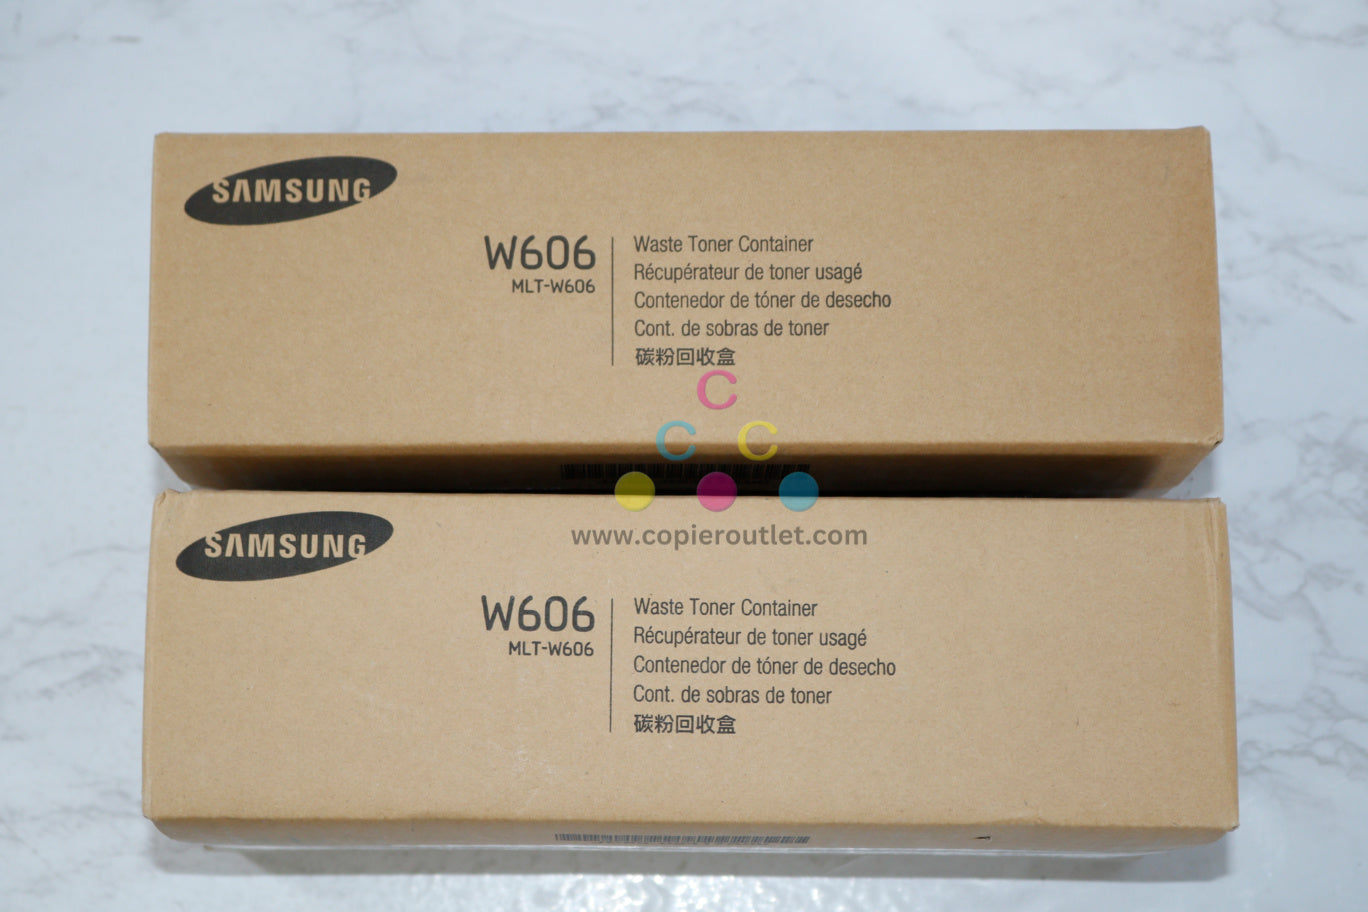 2 New OEM Samsung SCX-8030ND Waste Toner Container MLT-W606 (MLTW606)
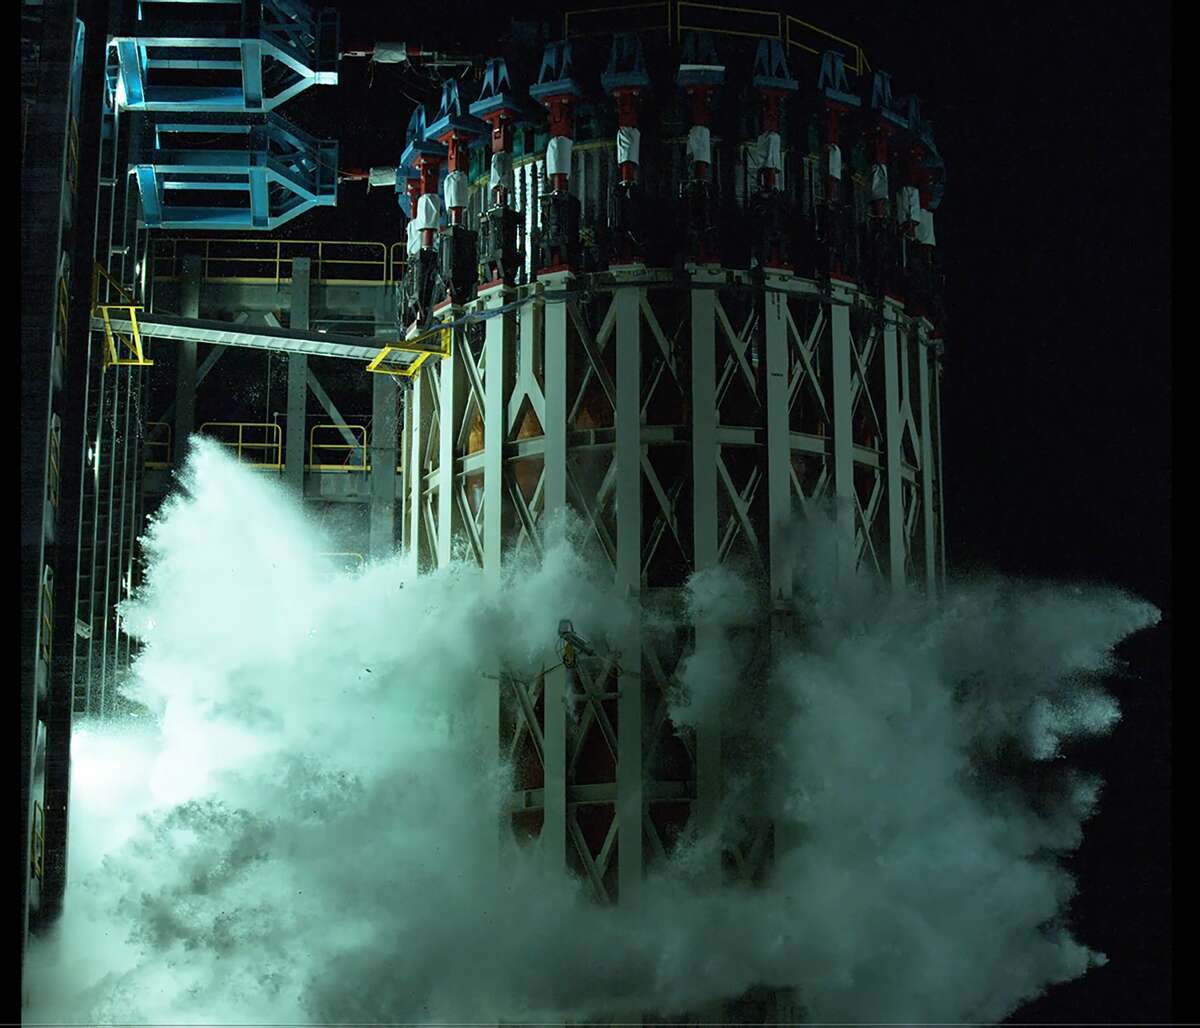 The June 24 test pushed the liquid oxygen tank test article beyond its limits to see how much force it would take to break the tank’s structure. This image shows water gushing out of the tank as it failed.
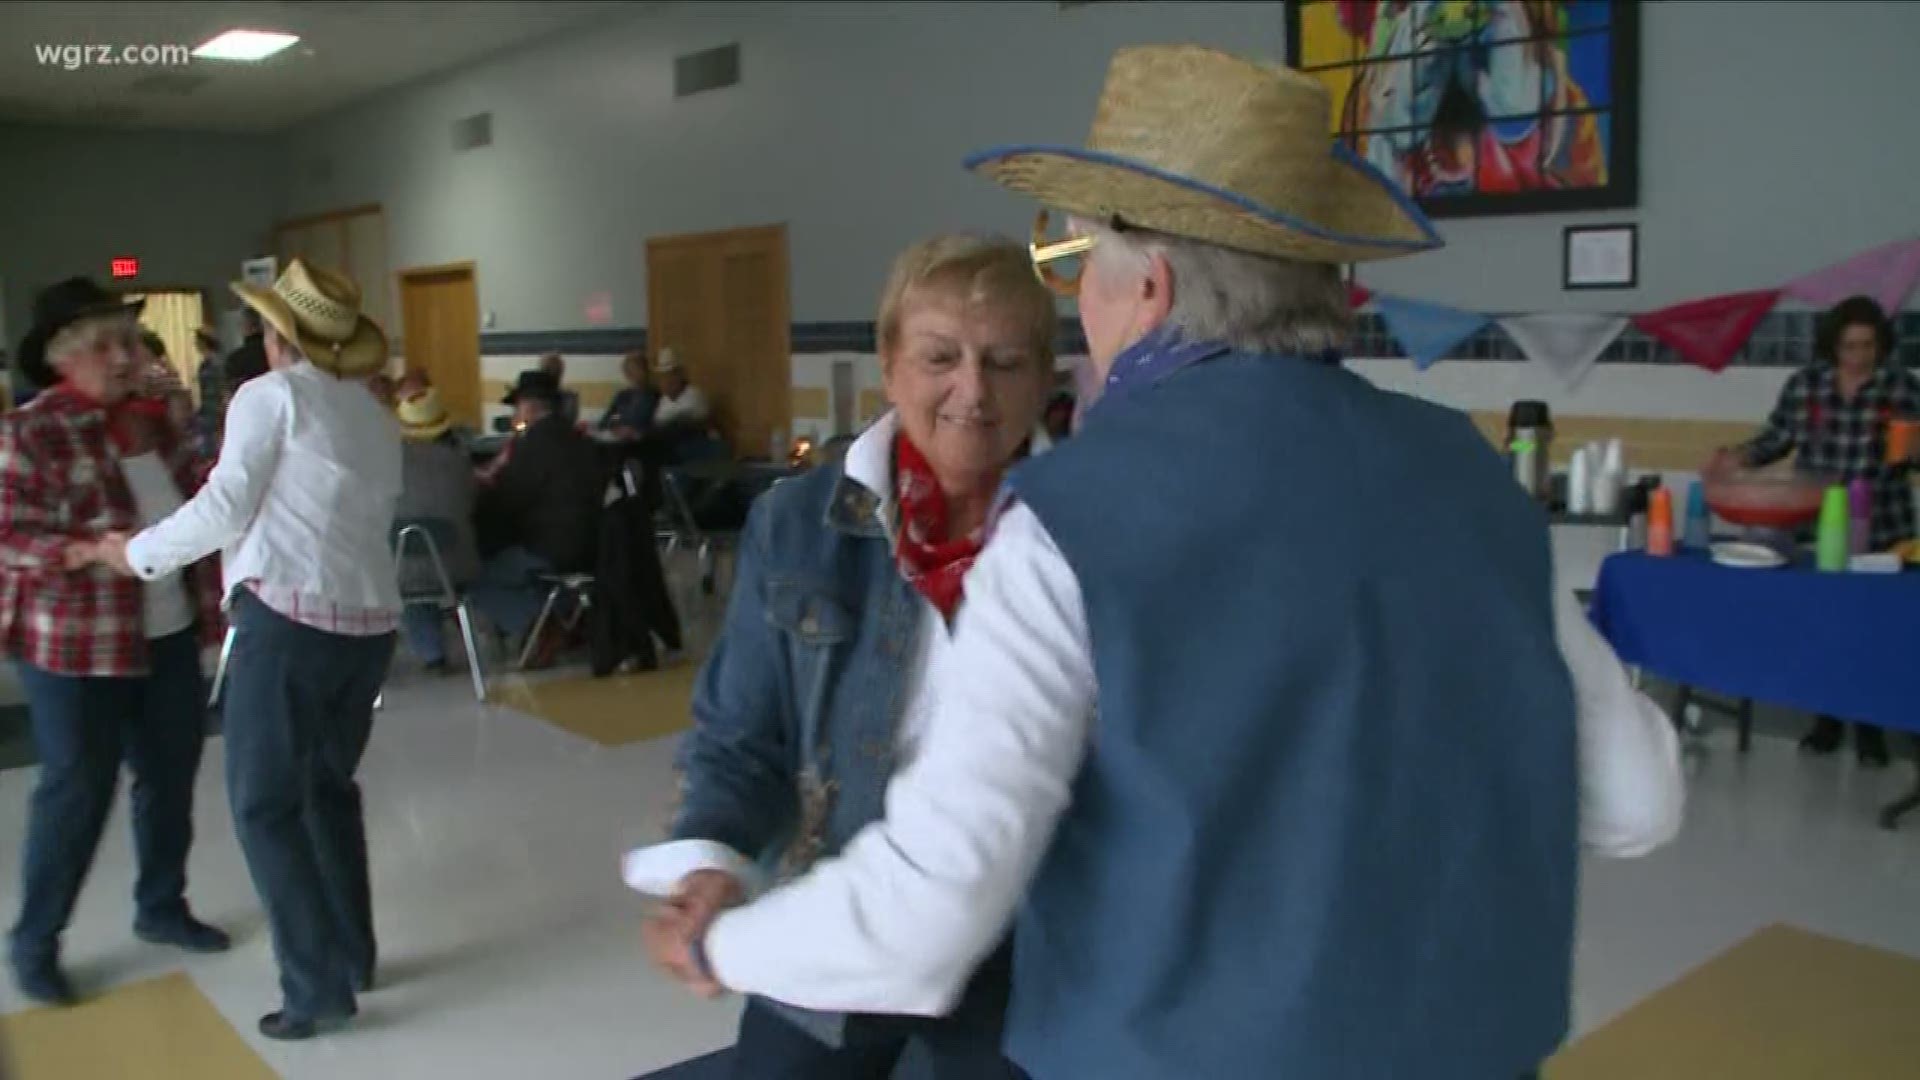 A Senior citizen prom was held today at Alden Highschool to give back to the community.

Your task | In your transcription of the listing above, match each line exactly and include no pictures.

Solution |
 2 New OEM Samsung SCX-8030ND Waste Toner Container MLT-W606 (MLTW606)
 The June 24 test pushed the liquid oxygen tank test article beyond its limits to see how much force it would take to break the tank’s structure. This image shows water gushing out of the tank as it failed.
 A Senior citizen prom was held today at Alden Highschool to give back to the community.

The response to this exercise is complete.